About Boer Goats

As their name suggests, Boer goats originated in South Africa, where “boer” translates to “farmer”. Although the exact ancestors to the Boer goat are unknown, they are thought to be the offspring of crosses from local African goats and European ones. This is a fast maturing meat goat as opposed to a dairy goat. They are an undemanding breed to raise, considering they were bred to withstand the extreme temperatures of South Africa.

Boer goats possess a charming and distinctive look with prominent beards and hound-dog like ears. Their heads, necks and shoulders of their bodies are a dark chestnut brown while the rest of the body is white. Sometimes their faces may also have white markings like a star or a blaze. Mature bucks can tip the scales between 200 and 240 pounds, while does are a little smaller at 190 to 230 pounds.

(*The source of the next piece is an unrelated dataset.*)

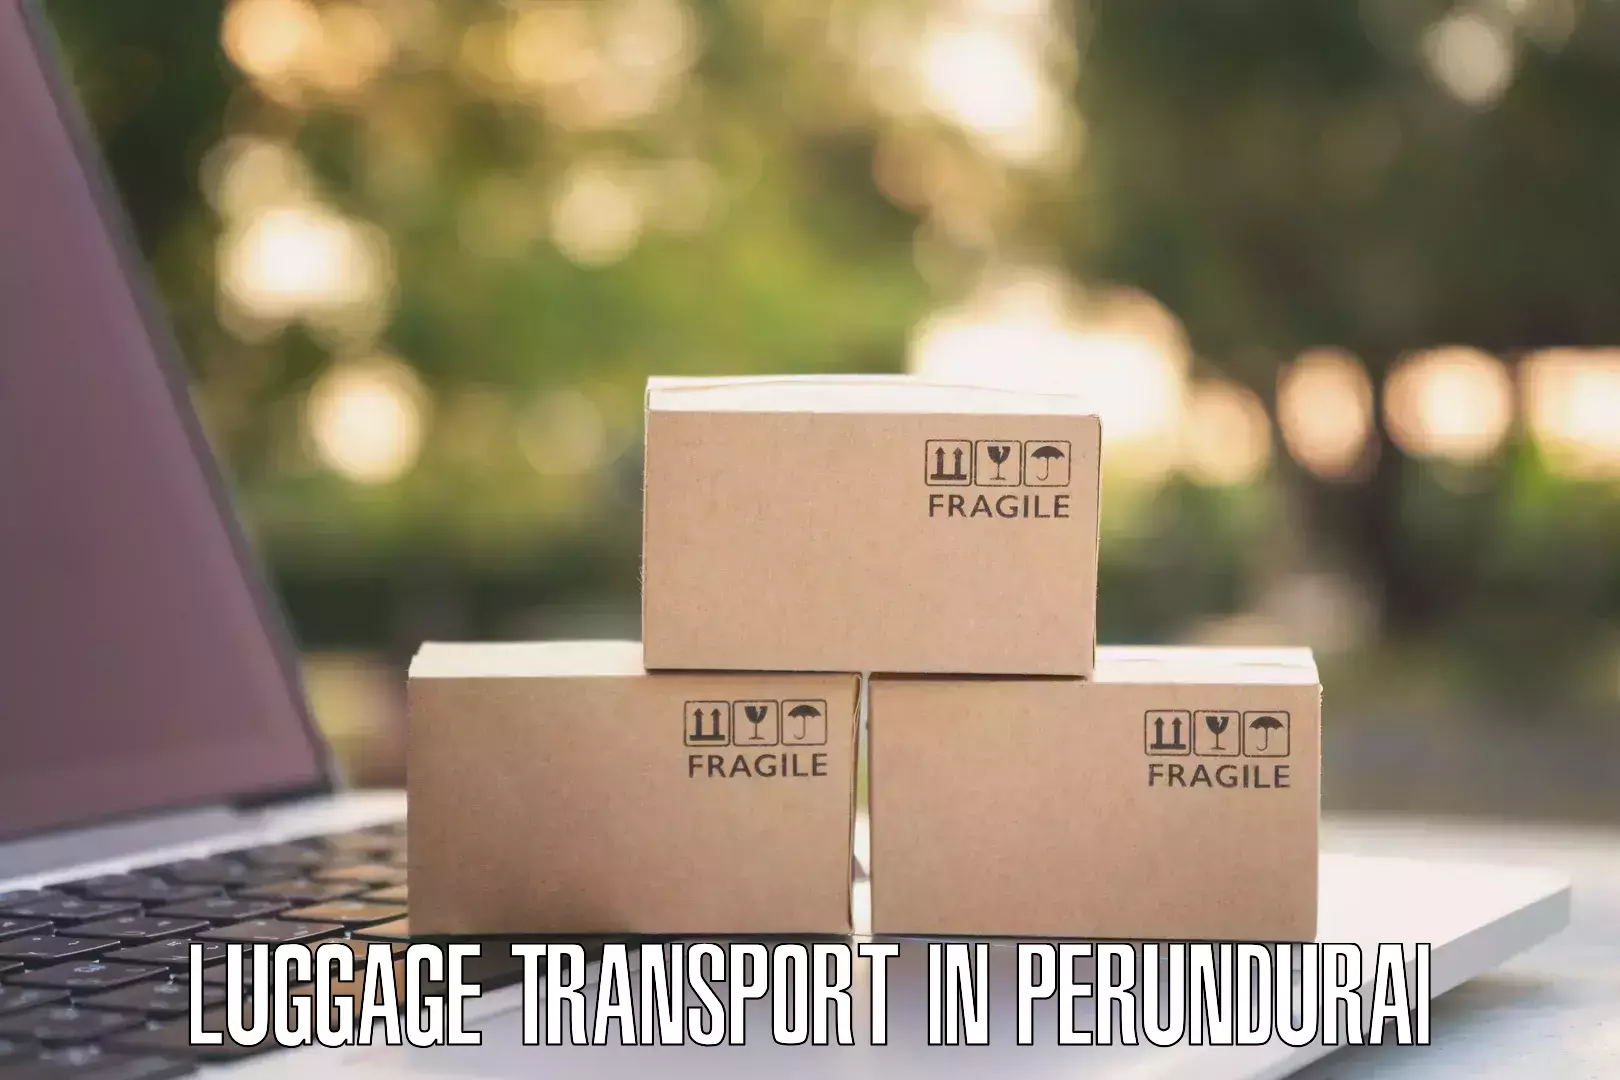 Nationwide luggage transport in Perundurai

Since their importation to the United States in 1993, Boer goats are quickly becoming a source of lean red meat for consumers looking to avoid beef. American consumers spend $30 million per year, according to the American Boer Goat Association. Much of that money went to import goats but now Americans have caught onto the idea of raising goats for meat in their own country. Goats cost far less to feed and need less land than cows.

Boer does are noted for their high fertility and good overall health. They can be bred as early as five months, but some breeders may wish to wait until the does is more mature. Boer goats have adapted to other climates like the American southwest without many problems.